LAD2 cells expressing NM-ADGRE2 or p.C492Y-ADGRE2 plated on DS-coated dishes were treated with the indicated inhibitors for 20 min before vibration. (a) Representative confocal images of anti-CD63-APC on the membrane after vibration for 5 min. Scale bar=20 μm. (b) Quantification of degranulation from data shown in a. Fluorescent intensity of anti-CD63-APC in individual cells (n> 264 cells) was determined, and expressed as % decrement (Δ) of the maximal response (i.e. fluorescent intensity of cells expressing p.C492Y-ADGRE2), being the minimal response fluorescent intensity of anti-CD63-APC in cells with NM-ADGRE2. (c) β-hexosaminidase release after 20 min vibration. Data are mean±SEM, n≥12 *p<0.05; **p<0.005; ***p<0.001; ****p<0.0001.

Figure 6.. Vibration-induced PGD₂ release is dependent on PLC/calcium, PKC and MEK/ERK1/2; and vortex challenge in patients with VU increases serum PGD₂.

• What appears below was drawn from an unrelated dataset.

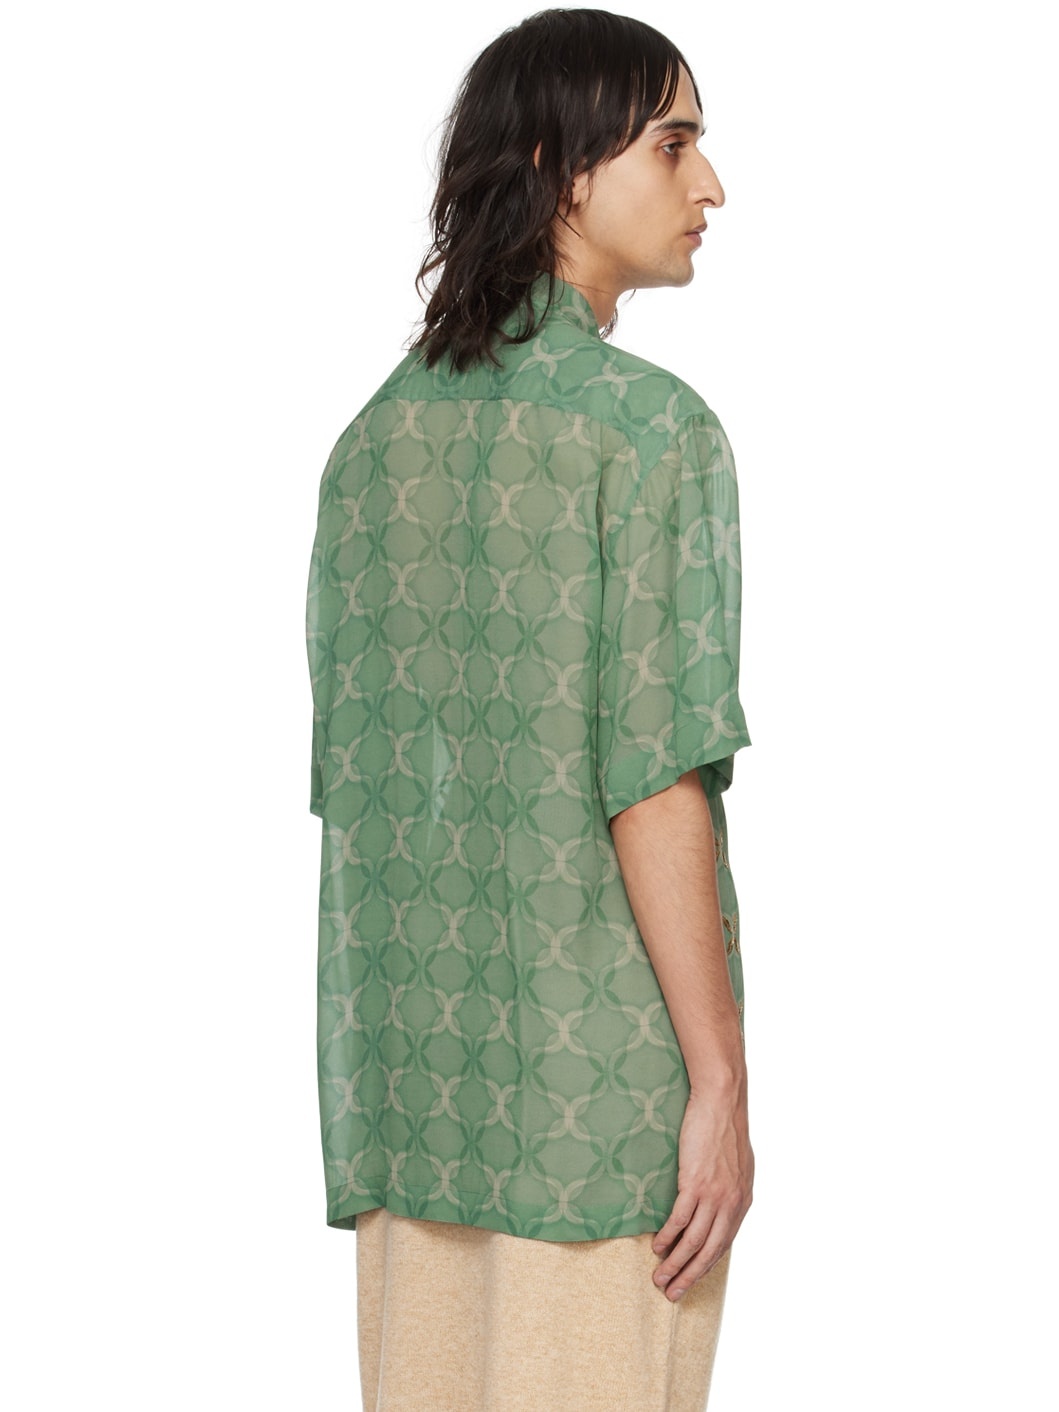 Green Sequinned Shirt - 3

(a, b) PGD₂ release induced by vibration in mast cells expressing NM or p.C492Y-ADGRE2 in the presence or absence of the indicated inhibitors. Supernatants of vibrated (750 rpm) and non-vibrated samples after 10 min. Data are mean±SEM; n≥9. *p<0.05; **p<0.005;****p<0.0001. (c) PGD₂ in the serum of 2 patients with VU and 2 control subjects after a vibratory challenge. (d) Representation of the proposed signaling pathways involved in mechanical activation of mast cells. Doted lines are potential ways of crosstalk based on our data or the literature (Cullen and Lockyer, 2002, Danciu et al., 2003, Mendoza et al., 2011, Yano et al., 1998).